Ms Li’s performance in this year’s first grand slam event has called attention to another act of rebellion that could have bigger ramifications for the future of sport in China. Two years ago she was one of four female tennis players who were released from the rigid structure of the Chinese sports system and allowed to manage their own careers.
“When I was young, I did what the coaches and leaders told me to do,” she says. “Now I am playing for myself.”
The tussle over the future of the sports system has become emblematic of a wider tension in Chinese society between individualistic younger generations and the paternalistic habits that still pervade.
“Our leaders and media like those who are obedient and lack character, but Li Na is definitely not like that,” poet Zhao Lihua said in a blog posting. “I like her spontaneity. I like her recklessness. I like her being so cool.”
China’s Soviet-style sports system achieved its high point at the Beijing Olympics when the host country topped the gold medal table. Promising kids are identified at an early age and funnelled into full-time training. Coaches control every aspect of an athlete’s career, from when they wake up to which matches they play, and bureaucrats take more than half the winnings.
Yet, the system has been coming under pressure since Yao Ming moved to play basketball in the US in 2002. Not only did athletes in big-money sports want to retain more of their income, but the conformity of the Chinese system was found wanting in some sports.
When Mr Yao first played in the US, his coach wanted him to intimidate opponents by slam-dunking the ball. “He was very reluctant because slam-dunking was frowned upon in China as a sign of individualism,” says Brook Larmer, author of a book about the player. He eventually relented after the coach made his teammates run laps of the court each time he refused.

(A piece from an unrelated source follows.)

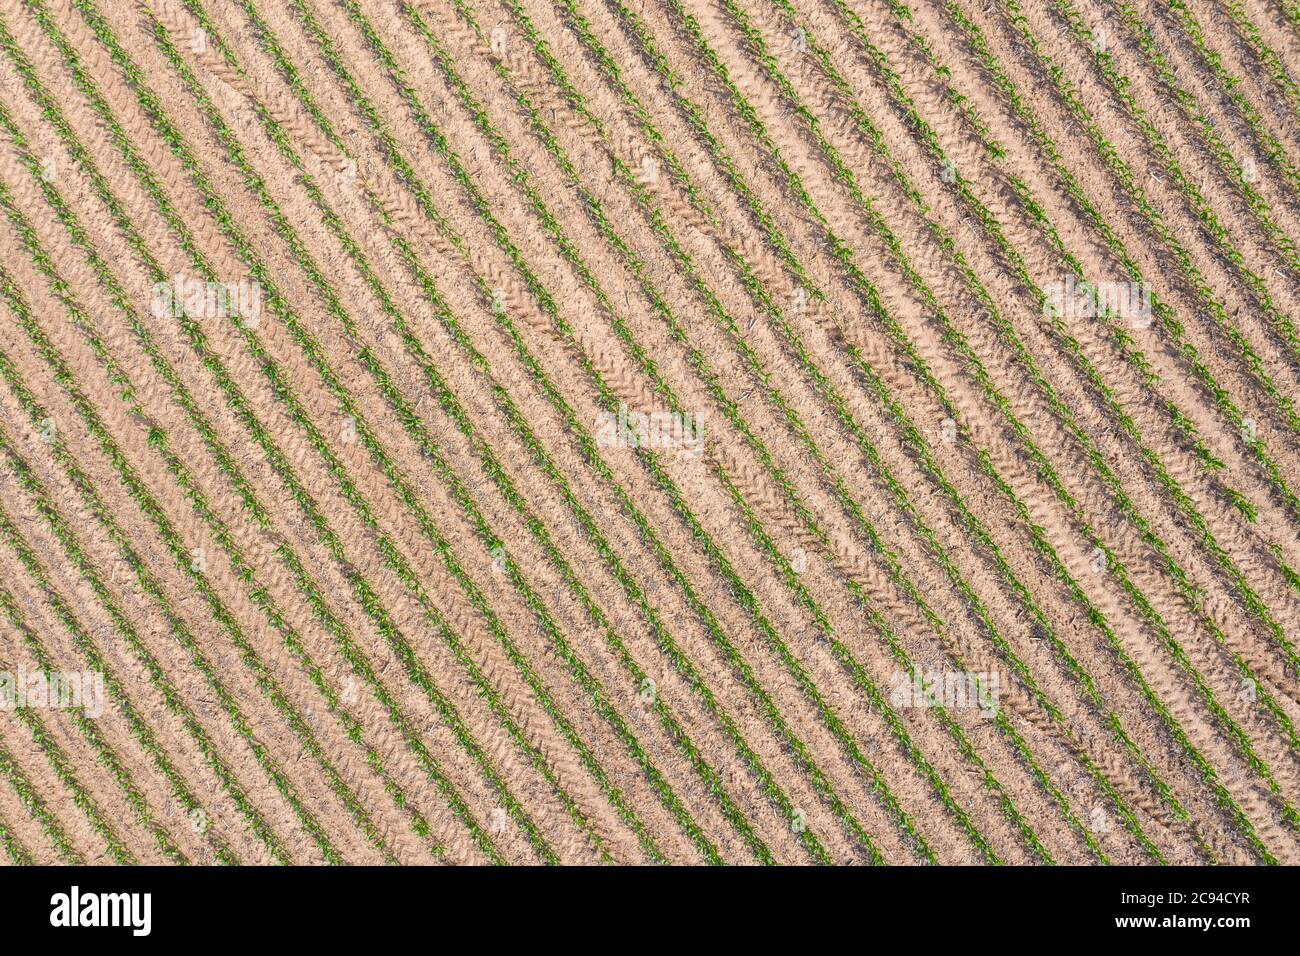 A drone image overlooking a newly growing crop of corn shows a classic farmland scene typical of the Midwest. Stock Photo

Ms Li has admitted she would not have played tennis when younger without pressure from administrators, but she also left the sport for two years because of her disillusionment with the rigidity of the Chinese system.
When she and three other top players were allowed to leave the system in 2008 and retain more than 90 per cent of their earnings, there was a flurry of criticism from parts of the establishment, especially after early results disappointed.
“The players flying independent have not had an ideal performance,” Cai Zhenhua, a senior sports official said at the time. “At least so far, it is not suitable for more to break out from the system.”
But even before this year’s success in Australia, Ms Li and colleague Zheng Jie started to silence critics by both reaching the semi-finals in Melbourne last year. They have also helped galvanise rapidly growing interest in tennis, especially among well-off urbanites.